De Gezondheidsraad stelt dat er geen veilige ‘drempelwaarden’ zijn. Ook op plaatsen waar wordt voldaan aan de door de Europese Unie vastgestelde normen voor fijnstof treden nog negatieve gezondheidseffecten op; ook concentratieniveaus onder de norm leiden tot gezondheidsschade. De regering heeft zich daarom tot doel gesteld om te komen met een actieprogramma, gericht op een permanente verbetering van de luchtkwaliteit. Dat is nieuw. Nieuw is ook dat nu de gezondheid van mensen hierbij centraal staat. Tot nu toe ging het alleen om het halen van de in Europa afgesproken normen, mede omdat anders ruimtelijke plannen (zoals nieuwbouw en wegen) anders niet gerealiseerd konden worden. In 2017 heeft de rechter het belang van dat lopende beleid nog eens bevestigd door te vonnissen dat overal in Nederland zo snel mogelijk aan de EU normen voldaan moet worden.
“Een vijfde van de emissies van fijnstof wordt door huishoudens veroorzaakt.”

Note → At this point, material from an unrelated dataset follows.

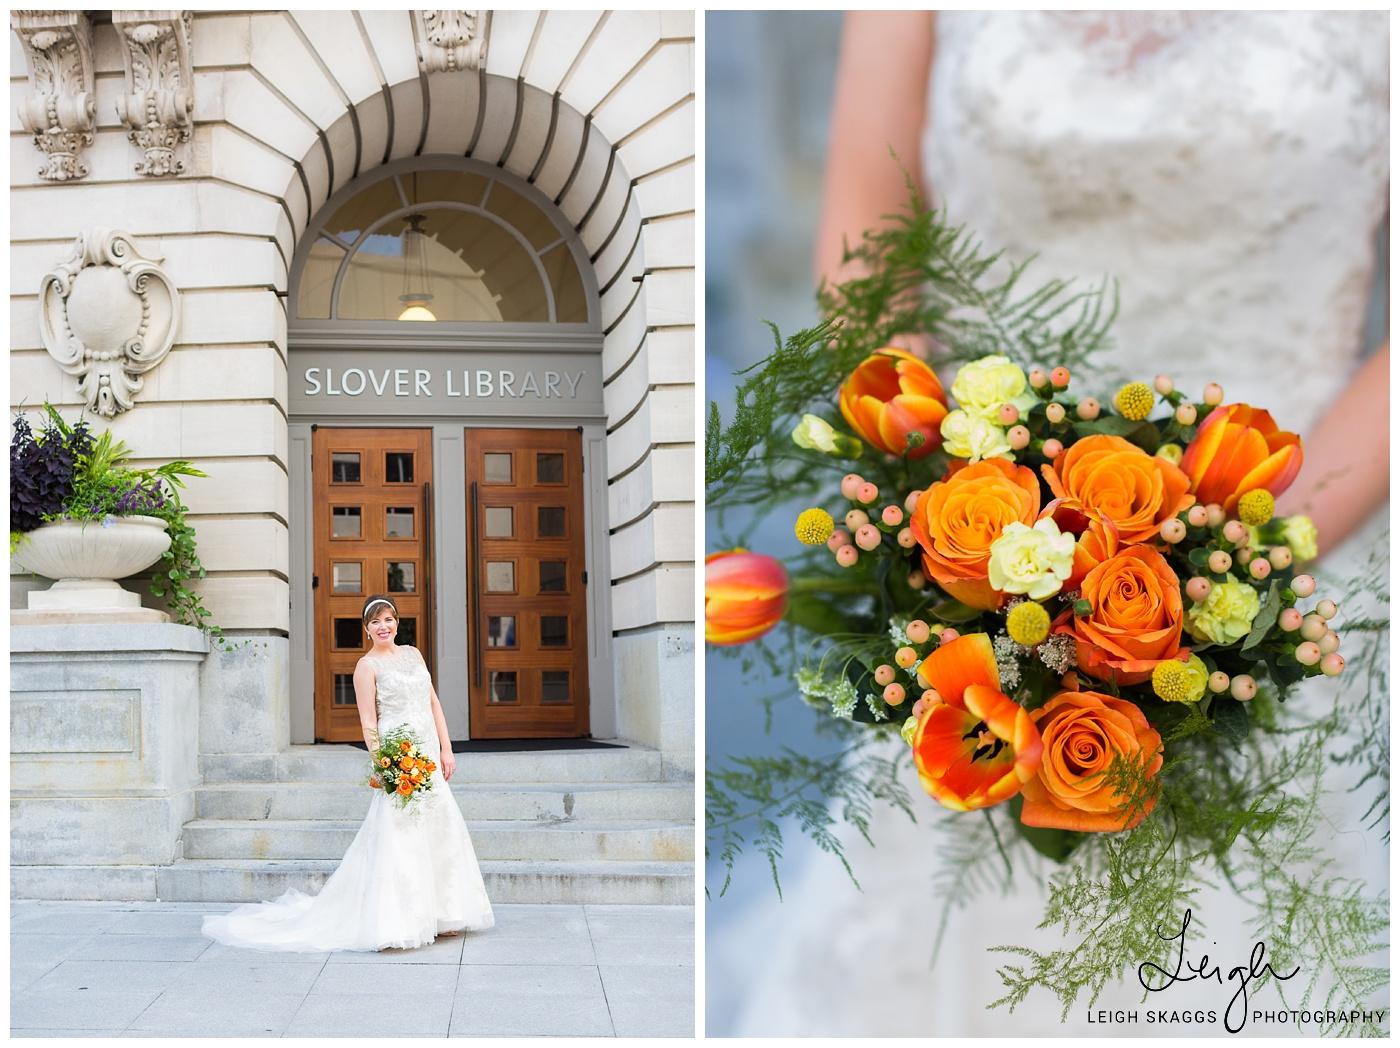 Andi & David   Slover Library Wedding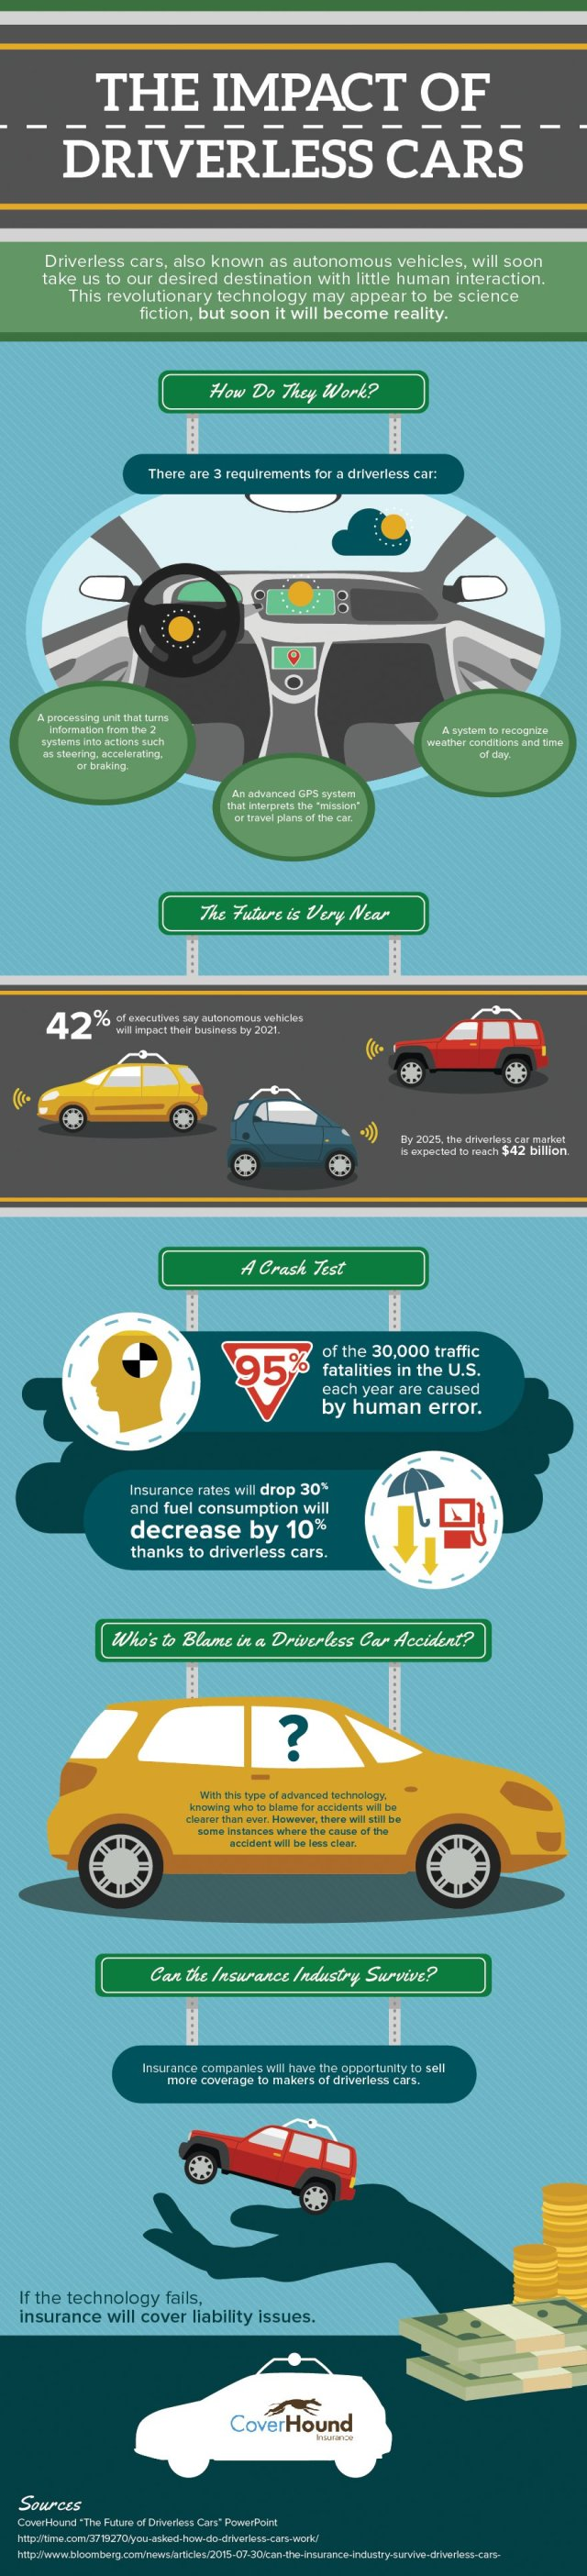 the-impact-of-driverless-cars_568a3dd474b25

Wat kan de nieuwe inzet op gezondheid opleveren? Om te beginnen zal het nu al ingezette beleid, vooral nieuwe Europese normen voor auto’s, positieve gevolgen hebben. De emissies van stikstofdioxide zullen daardoor in 2016-2030 met nog eens een derde afnemen, van fijnstof met een vijfde. De verantwoordelijke staatssecretaris Van Veldhoven heeft steden gevraagd met voorstellen te komen die ze gaat verwerken in een nationaal actieprogramma. PBL komt binnenkort met een studie over wat nog meer mogelijk is. Daaruit zal een specifiek thema in het oog springen: houtstook door huishoudens. Open haarden en houtkachels kunnen in ons land tot nu toe onbelemmerd branden. Toch is dat niet zonder meer logisch. Een vijfde van de emissies van fijnstof wordt door huishoudens veroorzaakt. Het open haardplezier van de een verergert de astma van de ander: Een klassiek thema om overheidsoptreden te overwegen. PBL zal indiceren dat we hier nog van Duitsland kunnen leren, waar er al van een strengere aanpak van houtstook door huishoudens, zoals regels voor het stoken van open haarden en normen voor nieuwe houtkachels, sprake is. Ook in het verkeer en de landbouw zijn nog wel maatregelen mogelijk waarvan de maatschappelijke baten de kosten overtreffen. Meer in het algemeen geldt dat voor de verbetering van de luchtkwaliteit: het is niet altijd makkelijk want de eenvoudige maatregelen zijn al genomen, maar het is niet extreem duur en de baten komen direct bij onszelf terecht. We doen dit niet om de wereld te redden maar om bij te dragen aan de gezondheid van onze buurvrouw.